Use when: Building independent projects, researching separate topics, processing separate files.
Strategy 2: Sequential — One at a Time
One agent finishes completely before the next starts. Slow but zero conflicts.
Use when: All agents need to modify the same files/repo, or agent N depends on agent N-1's output.
Strategy 3: Parallel — Disjoint File Sets
Multiple agents write to the SAME repo but strictly different subdirectories.
Use when: Each agent owns a completely separate subdirectory (e.g., servers/zendesk/ vs servers/mailchimp/). Works IF agents never touch shared files (package.json at root, shared types, etc.).
WARNING: If ANY shared files exist (root configs, shared modules), this degrades to Strategy 1 or 2.
Strategy 4: Pipeline — Stage Handoffs
Agent A does stage 1 (research), hands off to Agent B (build tools), hands off to Agent C (build apps).
Use when: Work has clear sequential stages with different skills needed per stage.
Batch Sizing
| Agent task complexity | Recommended batch size | Timeout |
|---|---|---|
| Simple (one deliverable, <500 LOC) | 8-10 parallel | 300s (5min) |
| Medium (multiple files, 500-2000 LOC) | 5 parallel | 600s (10min) |
| Heavy (full project, 2000+ LOC) | 3 parallel | 900s (15min) |
| Mega (multi-project or research) | 1-2 parallel | 900s (15min) |
Never exceed 5 heavy agents simultaneously — context pressure on the coordinator grows fast.
Task Scoping Rules
Single-Purpose Agents Beat Multi-Purpose Agents
BAD: "Build the complete MCP server with tools, apps, types, server, and README" GOOD: "Build 10 tool files for the Zendesk MCP server. Tools only. Don't touch anything else."
Split big jobs:
- Phase 1 agent: Build API client + types
- Phase 2 agent: Build tools (depends on types from phase 1)

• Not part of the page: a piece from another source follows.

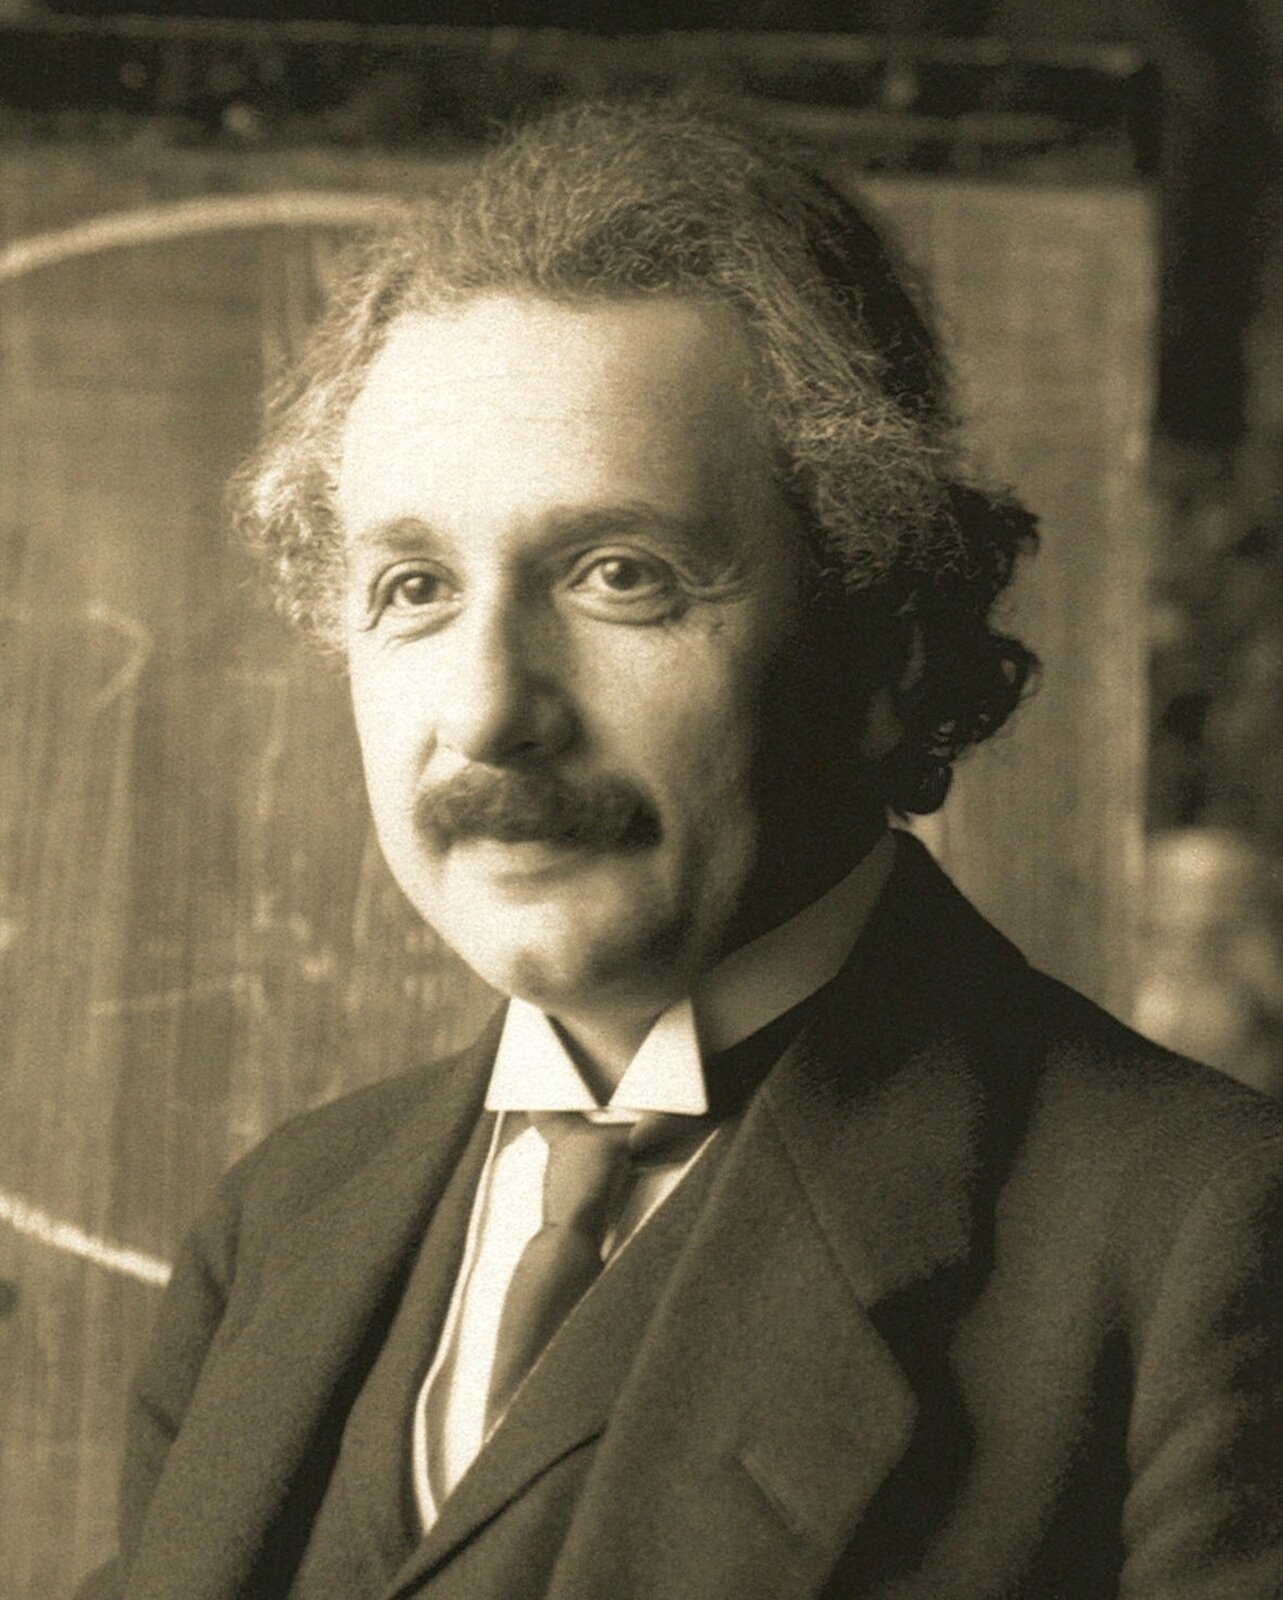 Rys. 3. Zdjęcie poglądowe przedstawia portret Alberta Einsteina. To uśmiechnięty mężczyzna w średnim wieku z bujną fryzurą w lekkim nieładzie, z wąsem. Jest elegancko ubrany w marynarkę, kamizelkę, białą koszulę i krawat. Zdjęcie jest monochromatyczne w kolorze sepii.

- Phase 3 agent: Build apps (can reference tools for context)
Each agent has ONE clear deliverable. Smaller scope = higher success rate.
Never Say "Delete Everything and Rebuild"
This is the #1 factory killer. Agent deletes all files in minute 1, times out at minute 10 with 30% rebuilt. Server is now WORSE.
Instead:
- "Build new files alongside existing ones"
- "Write to
/tmp/rebuild-{name}/then I'll swap after verification" - "Add the missing tool files. Do NOT modify or delete existing files."
Git Safety (MANDATORY for shared repos)
- Commit after EACH agent completes — not after the whole batch
- Before spawning rebuild/fix agents:
git add -A && git commit -m "checkpoint before rebuild" - If an agent wipes files:
git checkout HEAD -- path/to/dir/to restore instantly - Never let agents run
git push— coordinator pushes after verification
Verification Protocol
NEVER trust agent completion messages. Agents report aspirational results, not actual results.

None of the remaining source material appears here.